A Sense of Doubt blog post #2301 - WHAT I AM READING pt.2 - Antiracism, ENO, and Attack Surface



A Sense of Doubt blog post #2301 - WHAT I AM READING pt.2 - Antiracism, ENO, and Attack Surface

So, I started this new thing: WHAT I AM READING. My goal was to share a post each Wednesday as  a kind of reading diary.

Well, I had a busy week, and as I have always claimed, posts that are heavy in original content, even if I keep it short, take longer and sufficient free time than a simple share, even if I make a brief commentary on the share.

So, I am foregoing the usual "COMIC BOOK SUNDAY," with a post that's all about comic books to focus on what I am reading.

Fear not, I will share a bit about comic books.

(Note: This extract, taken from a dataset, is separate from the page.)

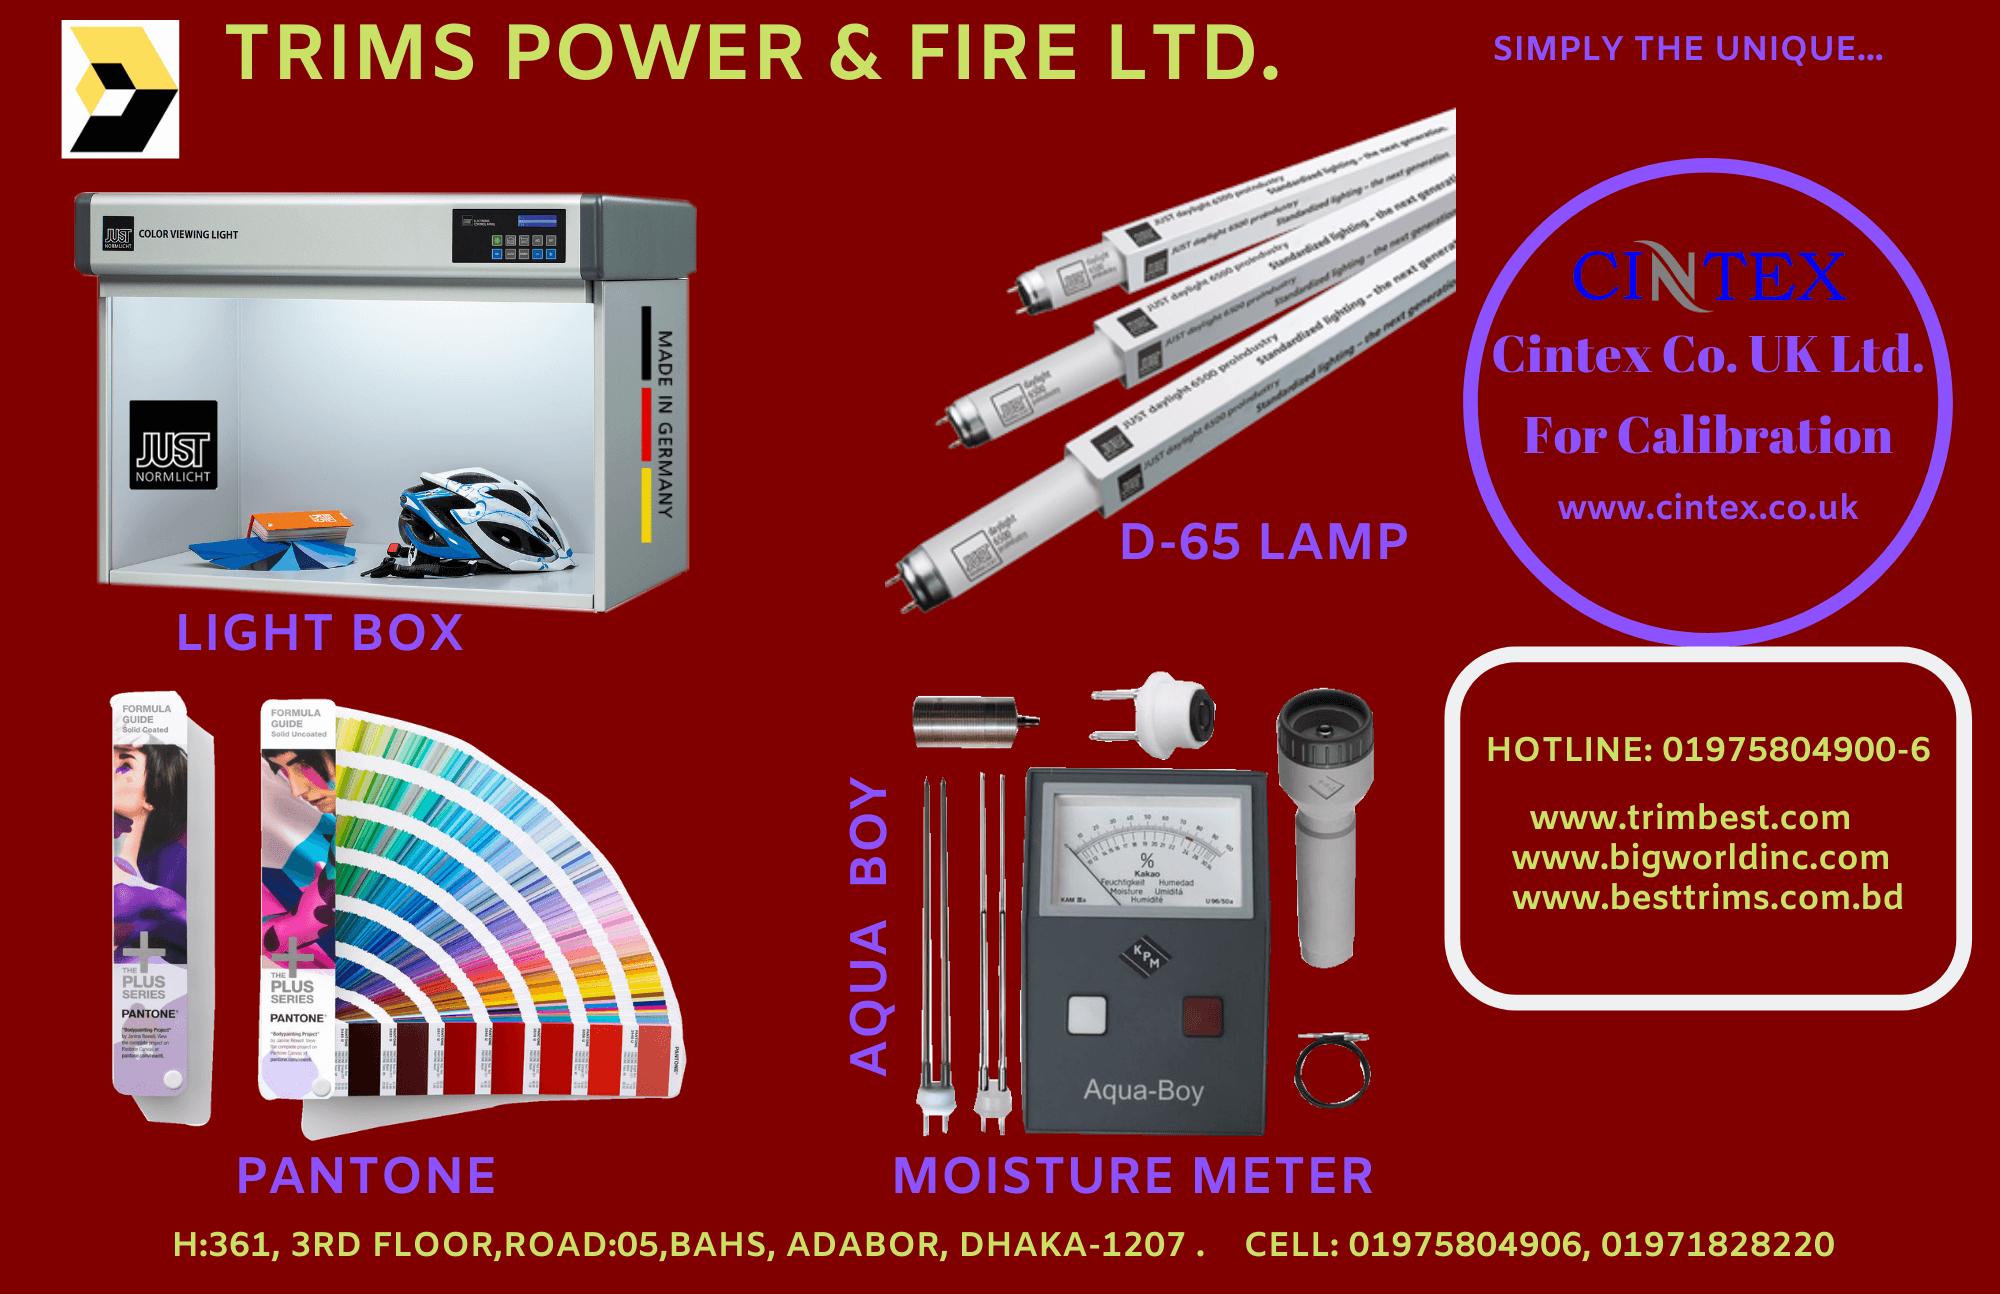 Lightbox D65 Lamp Pantone Moisture Meter Supplier Bangladesh

I am actively reading four books, not counting ones I dip into a little, and I am only going to write about three of them in this post, but the fourth one is 


The A Year In The Country: Straying From The Pathways book

from A Year In The Country


https://ayearinthecountry.bandcamp.com/merch/the-a-year-in-the-country-straying-from-the-pathways-book

The other three books I am reading are as follows:

As seen in the topper image, A Year With Swollen Appendices: Brian Eno's Diary - the 25th anniversary edition by Faber that I mentioned I was reading here:

A Sense of Doubt blog post #2296 - "The Great Gig In the Sky" - Live - Musical Monday on Tuesday for 2106.01

Attack Surface by Cory Doctorow

https://geekdad.com/2020/10/word-wednesday-attack-surface-by-cory-doctorow/


And as I wrote about in most depth last week:

How to be an Antiracist by Ibram X. Kendi



And of course, every week, a bunch of comic books. Tonight's comic will be (and was, as I am writing this on Monday morning) Fantastic Four #032 [Legacy #677].




https://comicbookroundup.com/comic-books/reviews/marvel-comics/fantastic-four-(2018)/32

Okay, so one at a time. I don't have to warn you about SPOILERS

right?

First, Fantastic Four #32  [Legacy #677].

Not everyone is a Dan Slott fan. Apparently, there's some bad feelings toward Slott in fandom. I am not sure what that's all about, and I don't care. Slott is a smart writer who understands the essence of the comics he tackles and their characters.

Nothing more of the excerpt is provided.